::: DATASET EXTRACT
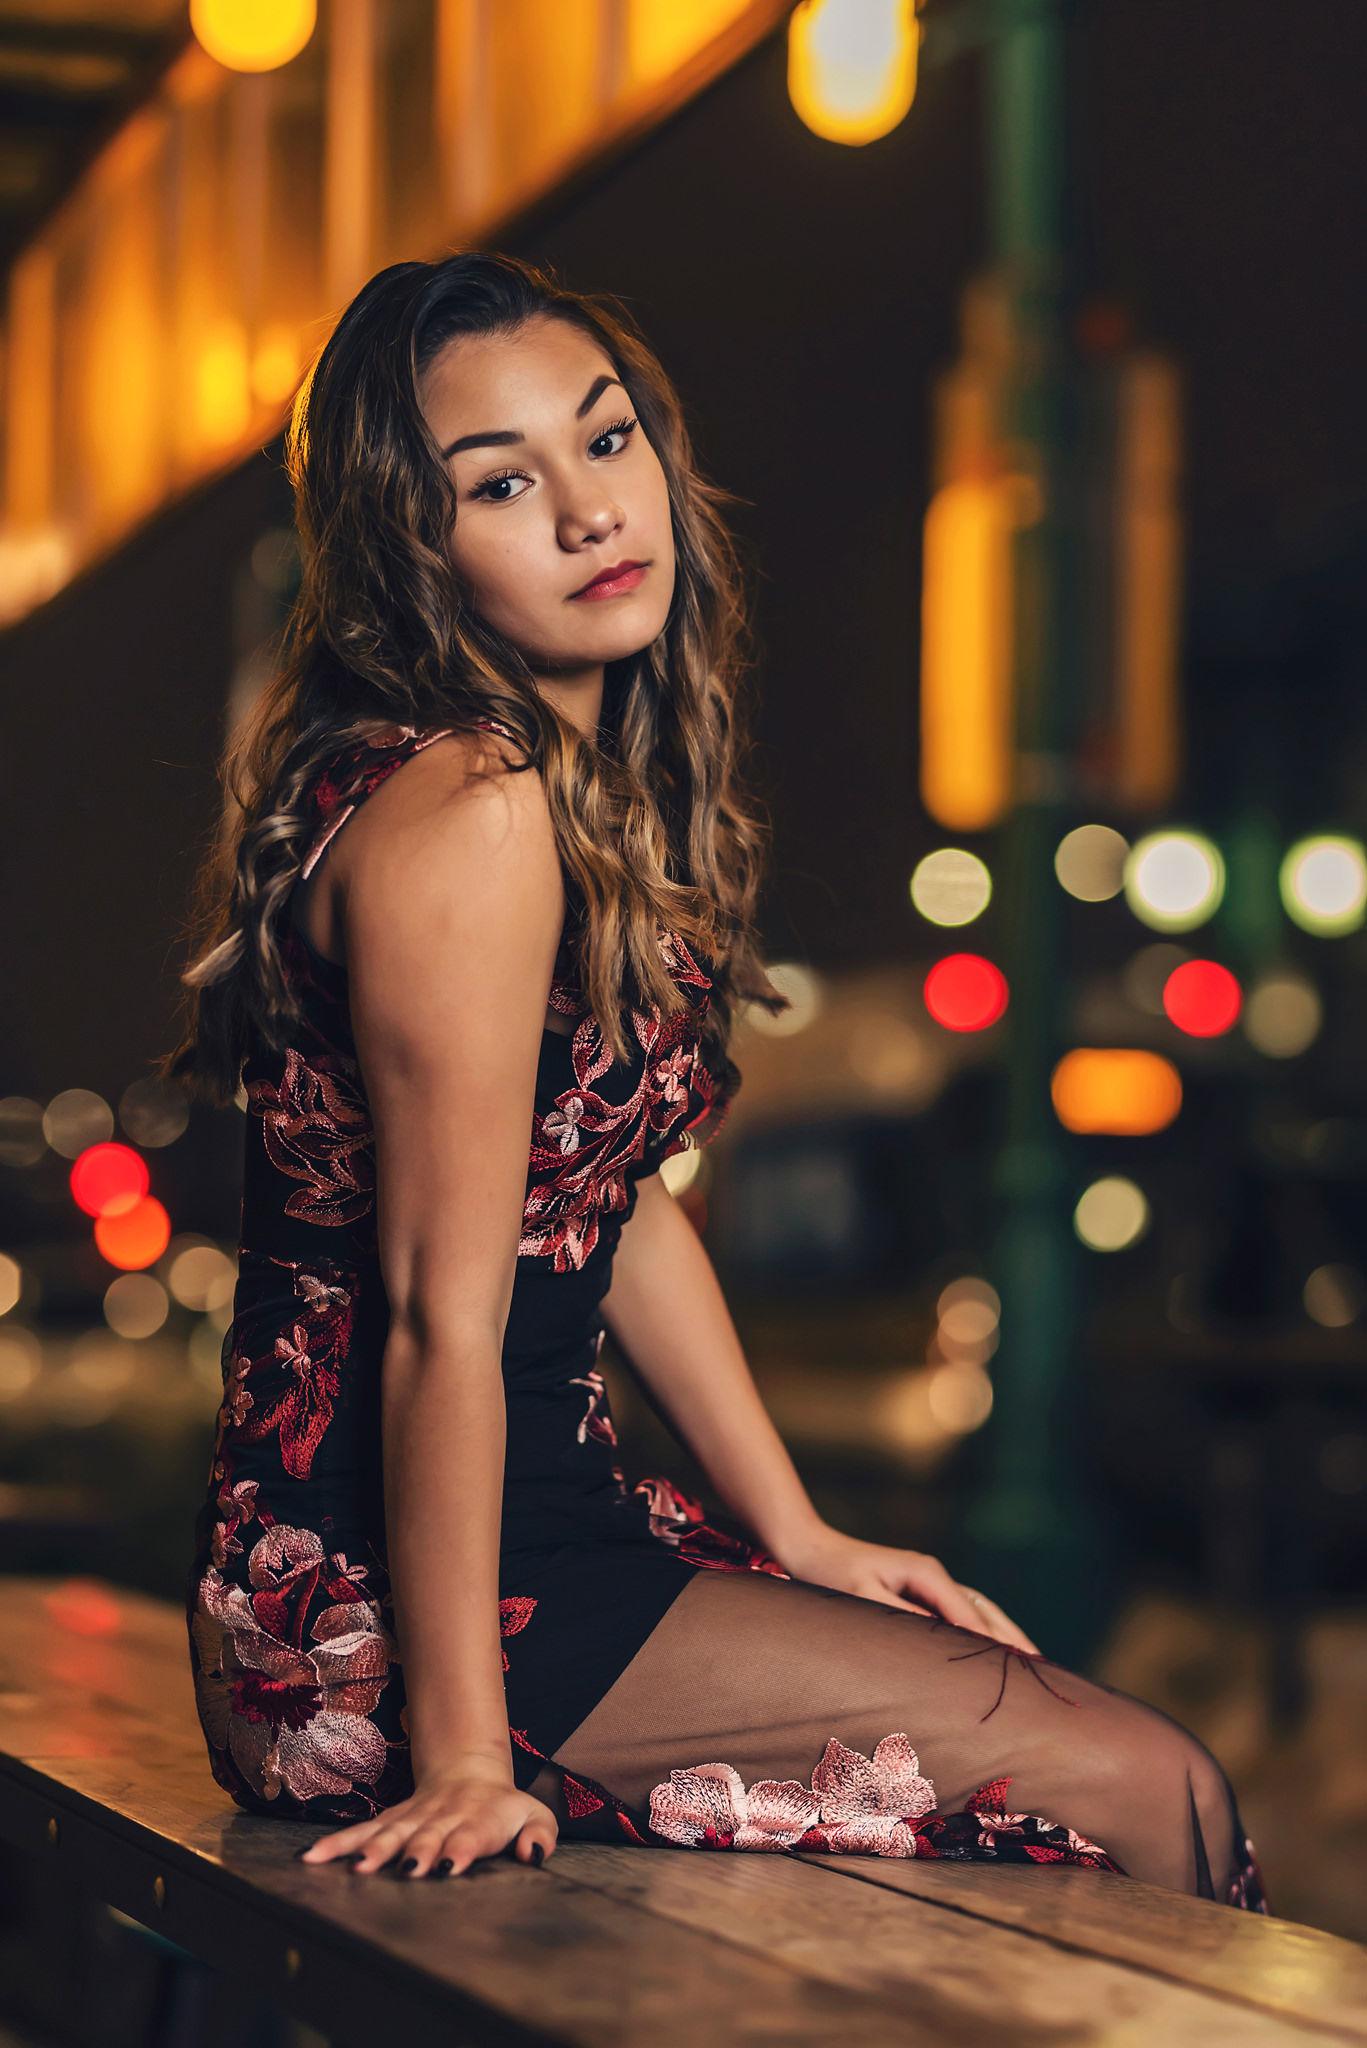 Jolisa
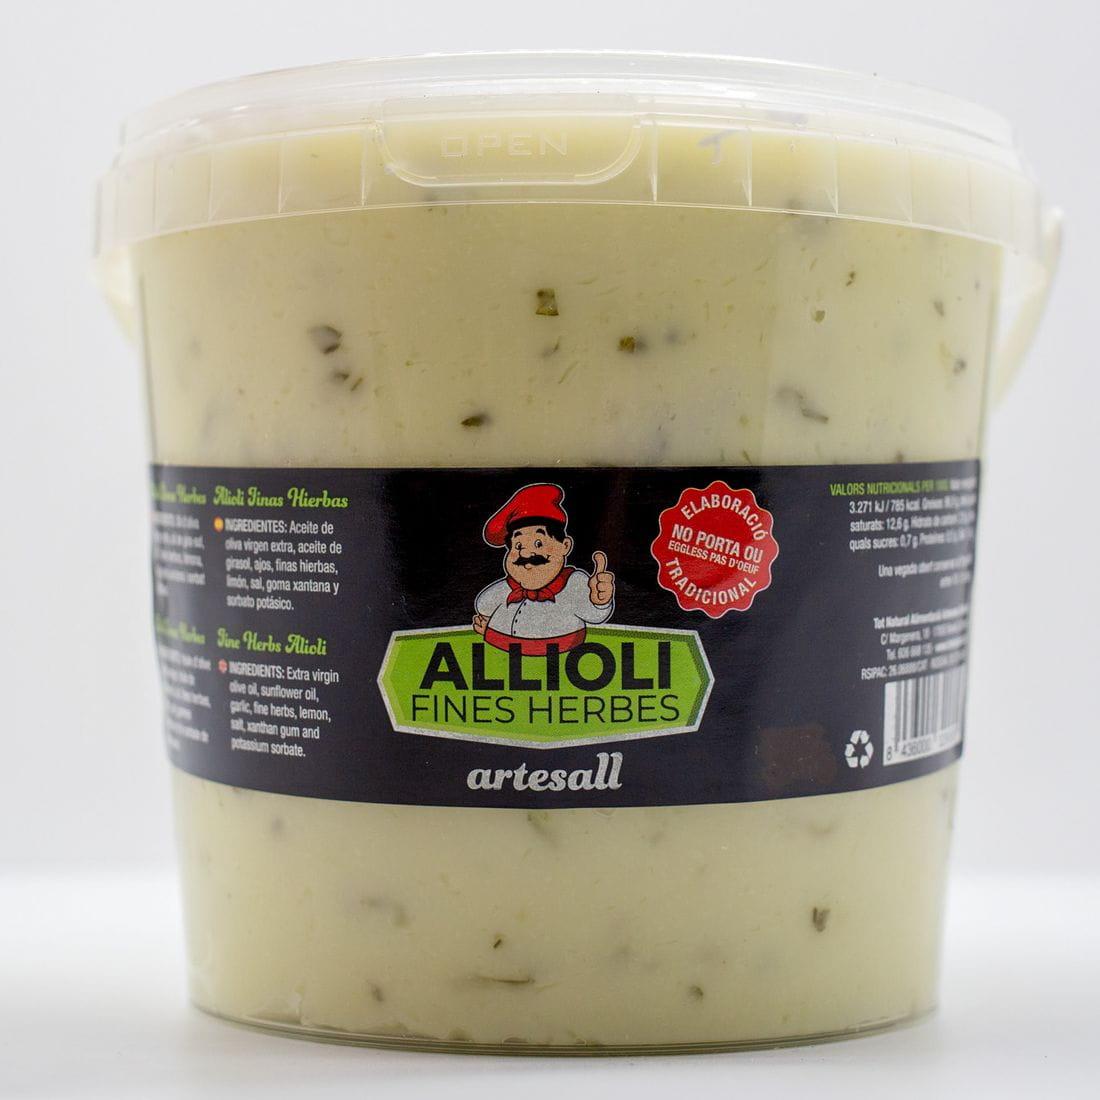 Allioli Artesall a les Fines Herbes
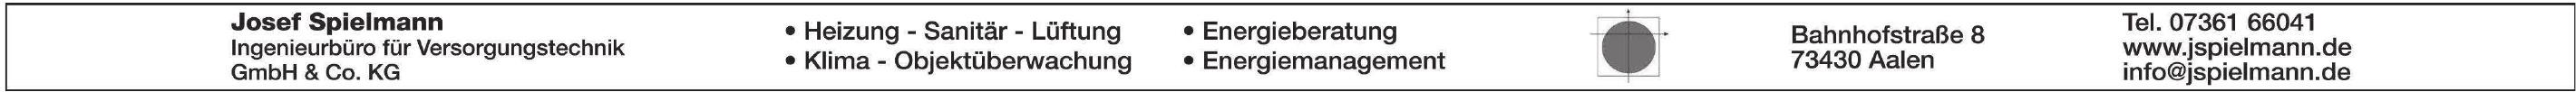 Josef Spielmann Ingenieurbüro für Versorgungstechnik GmbH & Co. KG
::::::
WHAT TO PRODUCE
Retype only the lines above from the one with "Allioli Artesall a les Fines Herbes" through the last, both ends included, keeping every picture out of the copy.

ANSWER SECTION
 Allioli Artesall a les Fines Herbes
 Josef Spielmann Ingenieurbüro für Versorgungstechnik GmbH & Co. KG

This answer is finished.